Žižek recensisce, nell’apertura del libro, i diversi filoni che nello scenario attuale possono aspirare alla qualifica di materialisti. Incidentalmente si cita il «materialismo riduzionista e volgare» di cognitivisti e neodarwiniani o l’«ateismo aggressivo» à la Dawkins. Il confronto è più serrato con prospettive caratterizzate da un maggiore livello speculativo, dal «materialismo discorsivo» foucaultiano al «materialismo dell’incontro» althusseriano fino al «nuovo materialismo» deleuziano. Quest’ultimo rappresenta decisamente il termine di confronto filosofico rispetto al quale Žižek definisce la propria prospettiva, in consonanza spesso con le posizioni di Alain Badiou.

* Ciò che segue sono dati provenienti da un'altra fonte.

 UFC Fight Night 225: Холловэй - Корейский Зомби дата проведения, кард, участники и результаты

A PARERE DEL FILOSOFO sloveno il monismo deleuziano non solo pecca di vitalismo, passibile di derive animistiche esemplificate con il riferimento a Vibrant Matter di Jane Bennet, ma lascerebbe impensate le questioni della soggettività e del negativo, o le risolverebbe al ribasso. Di conseguenza, si imporrebbe un altro cammino, che dribblando il ribaltamento marxiano, letto nei termini di una mera restaurazione neoaristotelica, individua la chiave per un approccio unificato a natura e artificio, a organico e inorganico, ontologia e fenomenologia nell’esegesi selettiva di un Hegel non pacificato nella chiusura della sintesi, cortocircuitato con Lacan e proiettato sugli scenari della fisica delle alte energie, della bancarotta del comunismo storico e dell’invenzione psicoanalitica. E qui entra in gioco il contraccolpo assoluto del titolo, l’absoluter Gegenstoss.

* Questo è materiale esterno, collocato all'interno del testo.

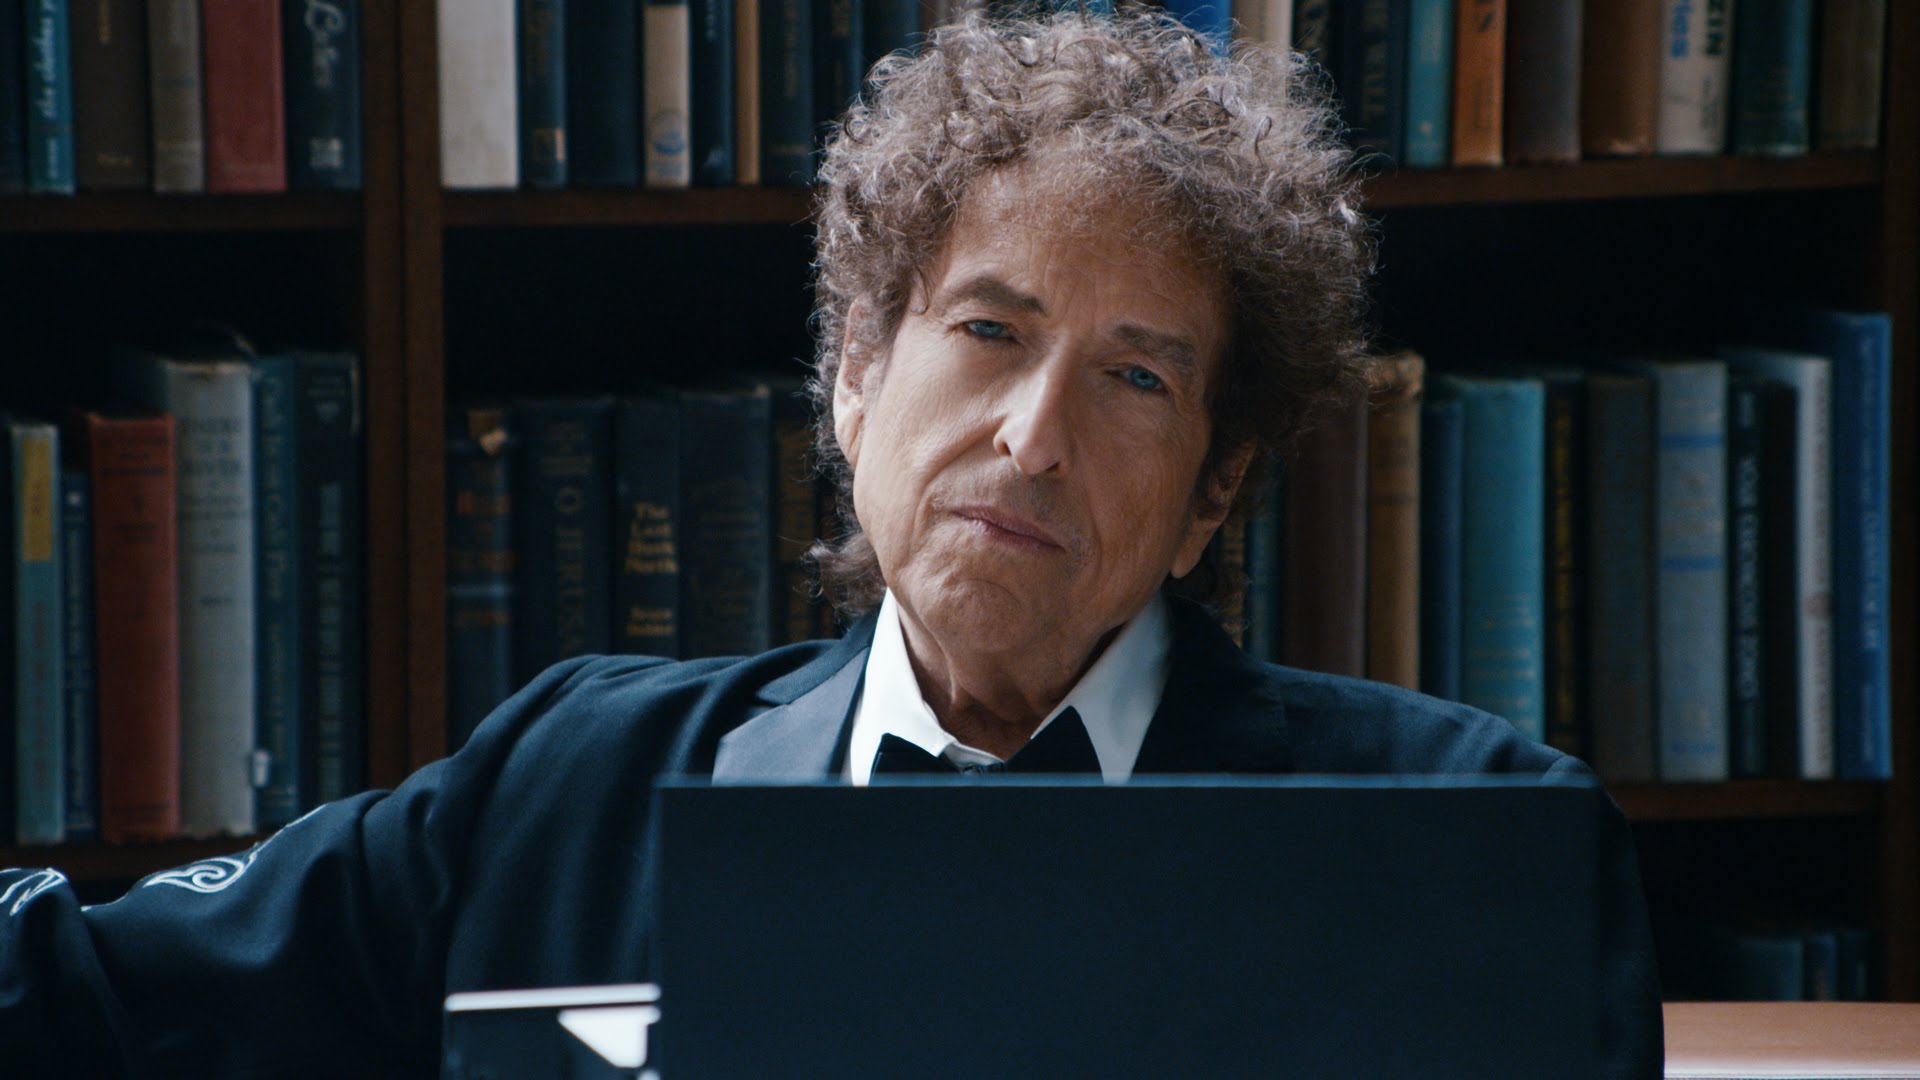 Cantor americano Bob Dylan em foto numa biblioteca , onde aparece seu rosto , cabelos desarrumados, rosto esguio, camisa branca e casaco preto. nariz afilado, olhos claros. Seu semblante é de contemplação de algo.

SI TRATTA DI UNA FORMULA rara, limitata a una sola occorrenza nell’opus hegeliano, un passaggio della Scienza della logica in cui sarebbe chiamata a nominare «un ritrarsi che crea ciò da cui si ritira», il gesto negativo che crea ciò che esso stesso nega. E ciò vale, come principio ontologico, per la fisica quantistica come per la politica. E soprattutto per il soggetto, visto come «caso completo di contraccolpo assoluto, di una cosa che emerge attraverso la sua stessa perdita quale risultato della propria impossibilità».
Opponendosi al «chiacchiericcio hegeliano» in base alla quale il soggetto si estranea nell’oggettivazione per riconciliarsi con se stesso riappropriandosi del proprio sé alienato, Žižek, compitando Lacan, sottolinea come il soggetto non preesista alla propria perdita e consegua al fallimento della sua rappresentazione simbolica.

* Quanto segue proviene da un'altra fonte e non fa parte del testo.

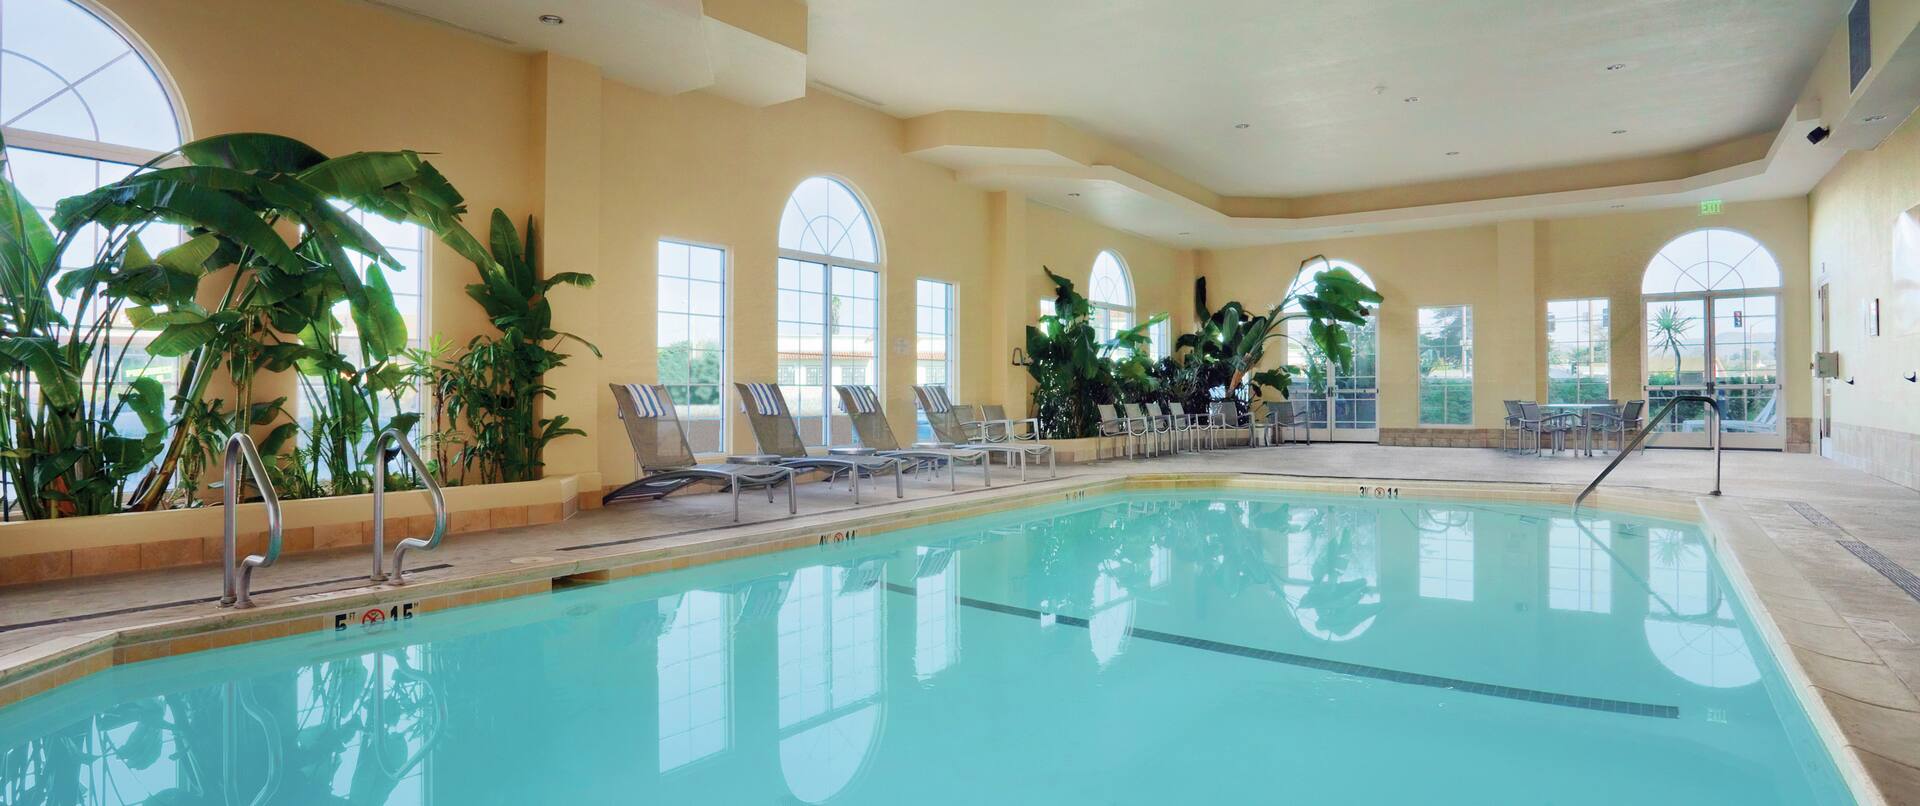 Indoor Swiming Pool

Dare Hegel per morto è un fenomeno ricorrente, così come l’impressione di avere finalmente chiuso i conti con il suo pensiero, confinandolo nell’ambito della storia della filosofia. Analitici, neokantiani, esistenzialisti e «post-strutturalisti», nel corso del tempo, hanno sedimentato un corposo e multiforme archivio dell’antihegelismo, passibile in alcuni suoi frammenti di farsi senso comune filosofico, spesso prescindendo dalle cornici teoriche che li motivavano.
NEGLI ULTIMI DECENNI, tuttavia, si riscontra un incremento di interesse non solo storico ma anche politico-teorico nei confronti di Hegel, cui non è senza dubbio estranea la Lacan renaissance che caratterizza il nostro tempo. In proposito, oltre ai volumi di Žižek, si potrebbero citare, da prospettive teoriche e politiche assai diverse, i lavori di Robert Pippin, Terry Pinkard, Axel Honneth o le recenti Hegel Variations di Frederic Jameson. Evidentemente la formidabile macchina speculativa hegeliana, con la sua intricata trama di livelli, è ancora in grado di parlare al nostro tempo, al di là del respiro contingente dei vari neoidealismi o hegelo-marxismi che si sono succeduti.
Certo, si può continuare a diffidare di Hegel, ma sarebbe opportuno farlo in maniera non automatica, a partire dalle sfide del presente e senza dare per scontato che anche i momenti teorici antihegeliani nei confronti dei quali si prova più empatia conservino inalterato il loro significato, al di fuori dei contesti teorici e politici in cui sono stati concepiti e formulati.